Les offrandes, les vœux, les autels, ni toi-même,

Rien ne suspend la mort. Ce monde illimité

Est l’esclave éternel de la fatalité.

A d’immuables lois Dieu soumit la nature.

 

Sur ces monts entassés, séjour de la froidure,

Au creux de ces rochers, dans ces gouffres affreux,

Je vois des animaux maigres, pâles, hideux,

Demi-nus, affamés, courbés sous l’infortune ;

Ils sont hommes pourtant : notre mère commune

A daigné prodiguer des soins aussi puissants

A pétrir de ses mains leur substance mortelle,

Et le grossier instinct qui dirige leur sens,

Qu’à former les vainqueurs de Pharsale et d’Arbelle.
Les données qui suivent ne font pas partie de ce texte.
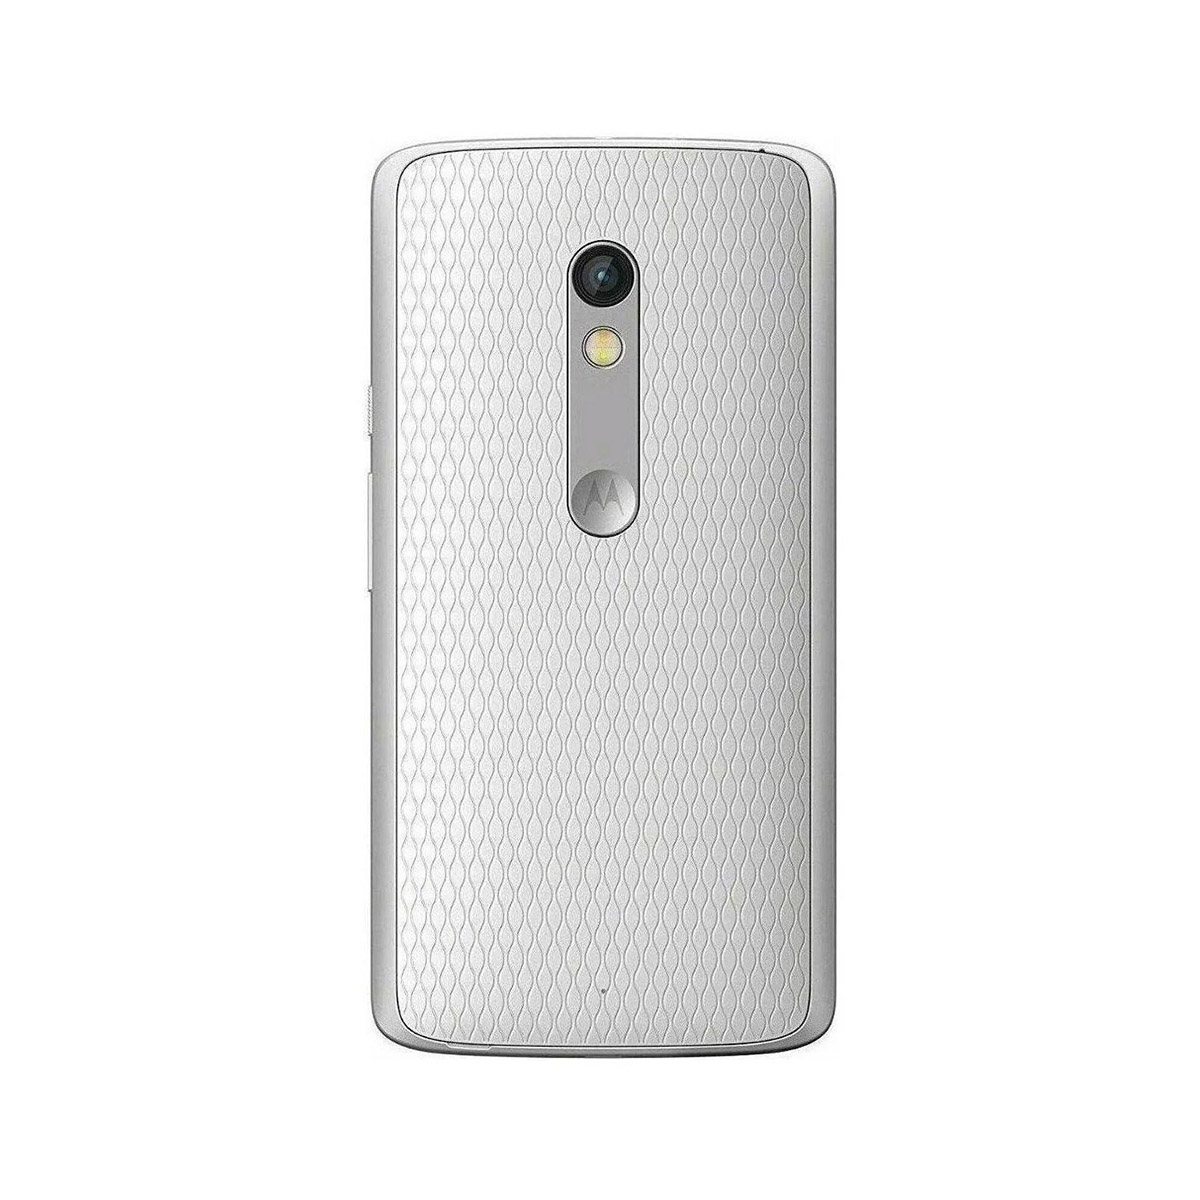 Motorola Moto X Play Dual Xt1563 32gb 4g Seminovo

Au livre des destins tous leur jours sont comptés ;

Les tiens l’étaient aussi. Ces dures vérités

Epouvantent le lâche et consolent le sage.

Tout est égal au monde : un mourant n’a point d’âge.

Le Dauphin le disait au sein de la grandeur,

Au printemps de sa vie, au comble du bonheur ;

Il l’a dit en mourant, de sa voix affaiblie,

A son fils, à son père, à la cour attendrie.

O toi ! triste témoin de son dernier moment,

Qui lis de sa vertu ce faible monument,

Ne me demande point ce qui fonda sa gloire,

Quels funestes exploits assurent sa mémoire,

Quels peuples malheureux on le vit conquérir,

Ce qu’il fit sur la terre… Il t’apprit à mourir !

 

 

 

1 – Cette pièce, qui parut en janvier 1766, fut insérée en février dans le Journal encyclopédique avec quelques suppressions que nous indiquerons par des astériques. (G.A.)